- Directed by: Grigoris Karantinakis
- Written by: Mimi Denisi Martin Sirman
- Based on: Smyrna my Beloved by Mimi Denisi
- Starring: Mimi Denisi Burak Hakkı Rupert Graves Susan Hampshire
- Cinematography: Simos Sarketzis
- Music by: Andreas Katsigiannis
- Distributed by: Tanweer Productions
- Release date: December 23, 2021;
- Running time: 141 minutes
- Country: Greece
- Language: Greek

= Smyrna, My Beloved =

Film directed by Grigoris Karantinakis

Smyrna, My Beloved (Σμύρνη μου αγαπημένη) is a 2021 Greek historical epic film directed by Grigoris Karantinakis about the burning of Smyrna (today's Izmir, Turkey) by the Turkish army in September 1922. The film stars Mimi Denisi, Burak Hakkı, Rupert Graves and Susan Hampshire.

== Summary ==

The story follows the wealthy Greek Baltatzis family in the multicultural city of Smyrna during the Greco-Turkish War 1919-1922 and after the Turkish army entered the city in 1922, and shows the suffering and exodus of the ethnic Greeks of the city.

== Screenings ==
The film premiered at Megaron-Athens Concert Hall.
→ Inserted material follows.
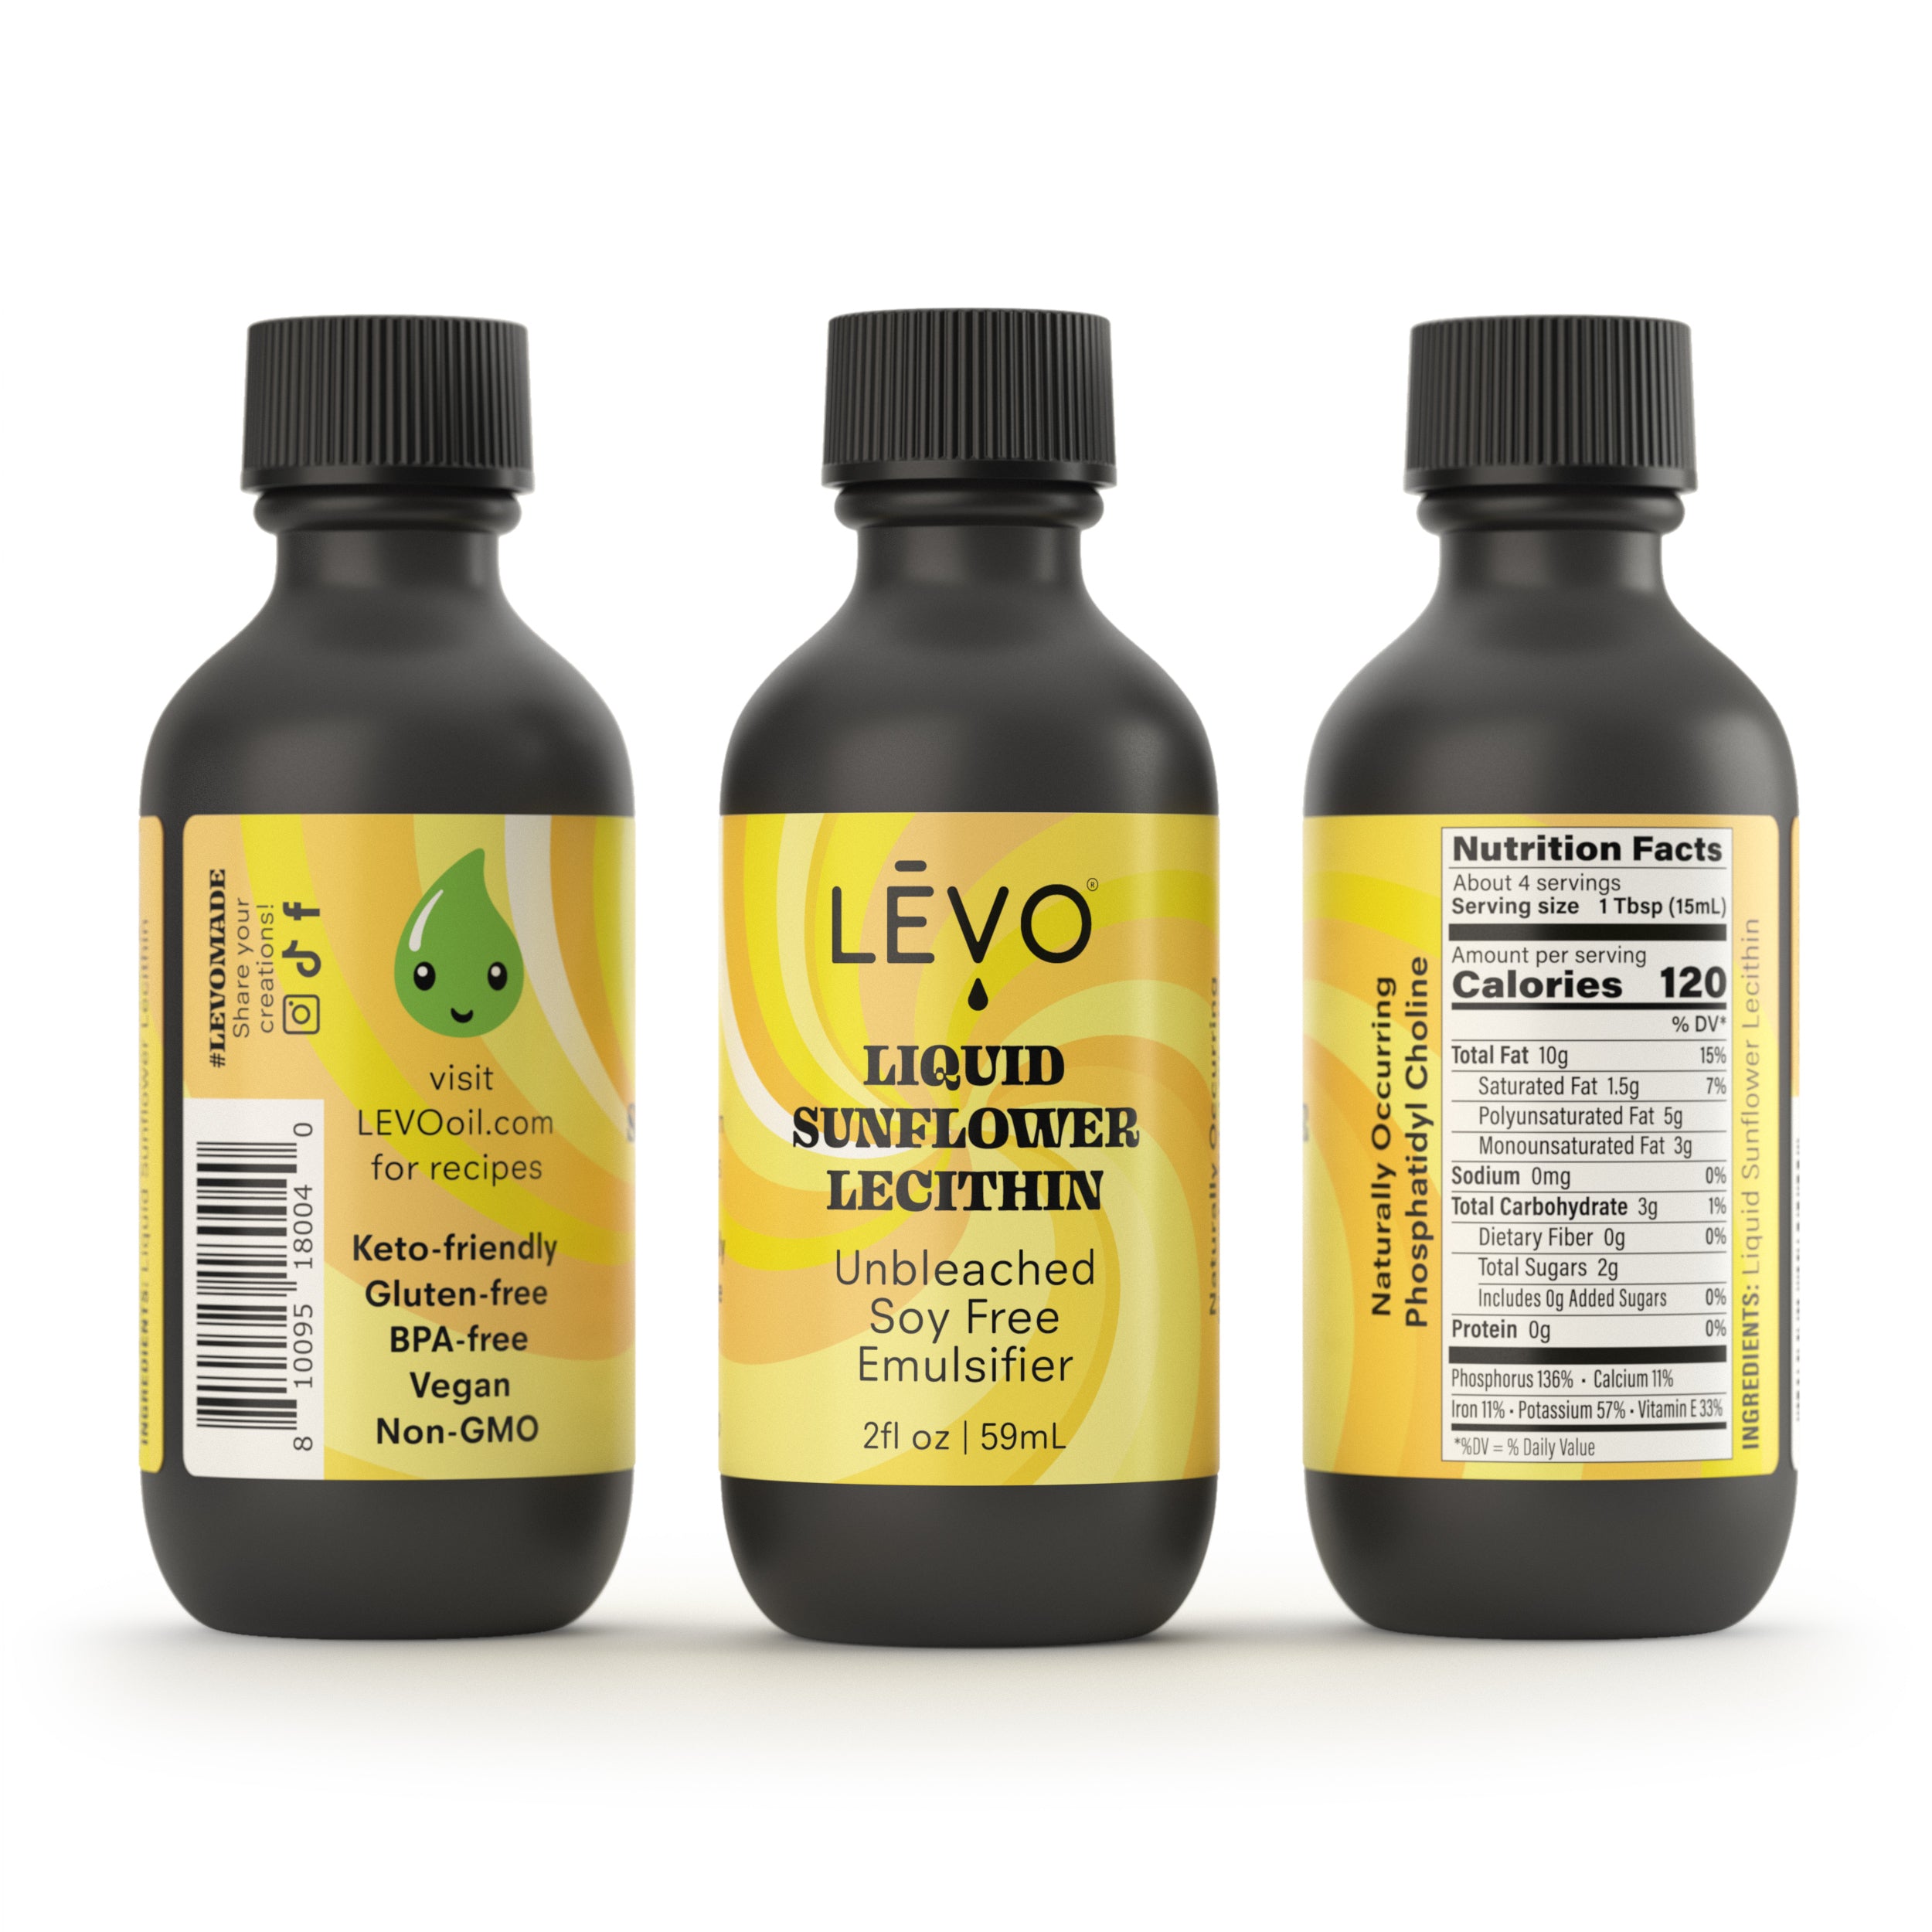 LEVO liquid sunflower lecithin 2oz nutrition facts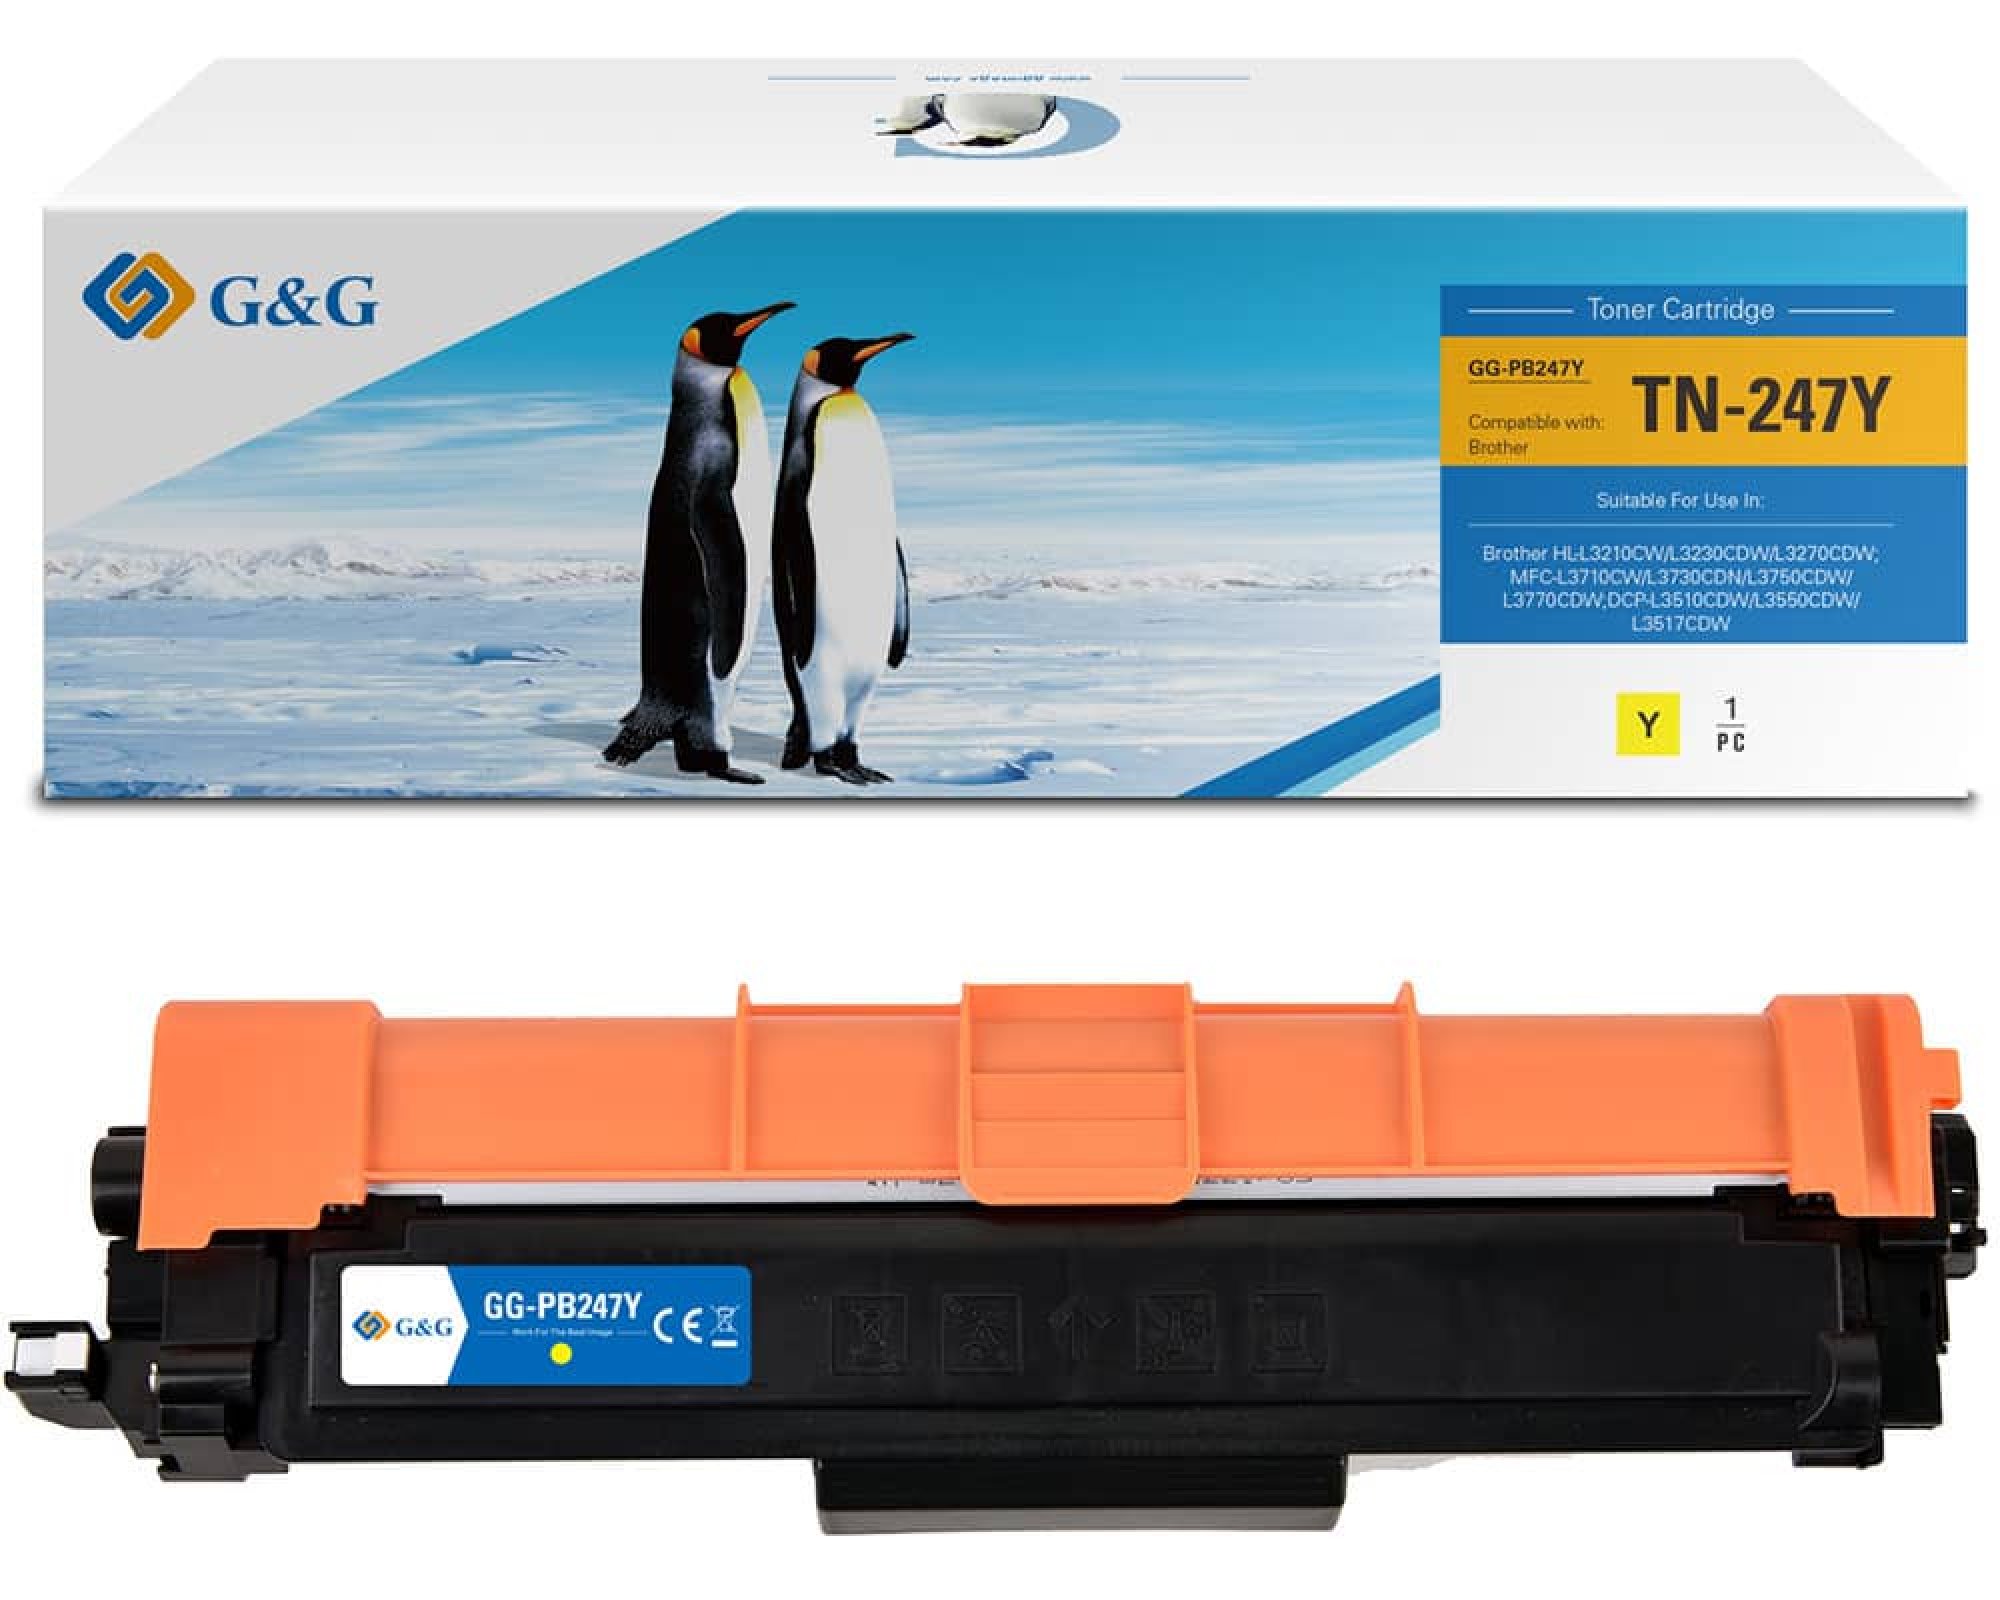 Kompatibel mit Brother TN-247Y Toner Gelb [modell] - Marke: G&G

The film screened at Redstone Theatre through Museum of the Moving Image in May 2022.

== Reception ==

=== Reviews ===
A review in The National Herald said, "The film is also a lesson about showing compassion to others in their times of need."

Athens Insider referred to the film as "a poignant tale of loss and belonging".

The film was reviewed by Tom McSorley of the CBC.

At least one Turkish publication, Hürriyet, criticized the film, calling it "propaganda".

=== Awards ===
Smyrna, My Beloved won The Audience Award for Feature Film at the Los Angeles Greek Film Festival.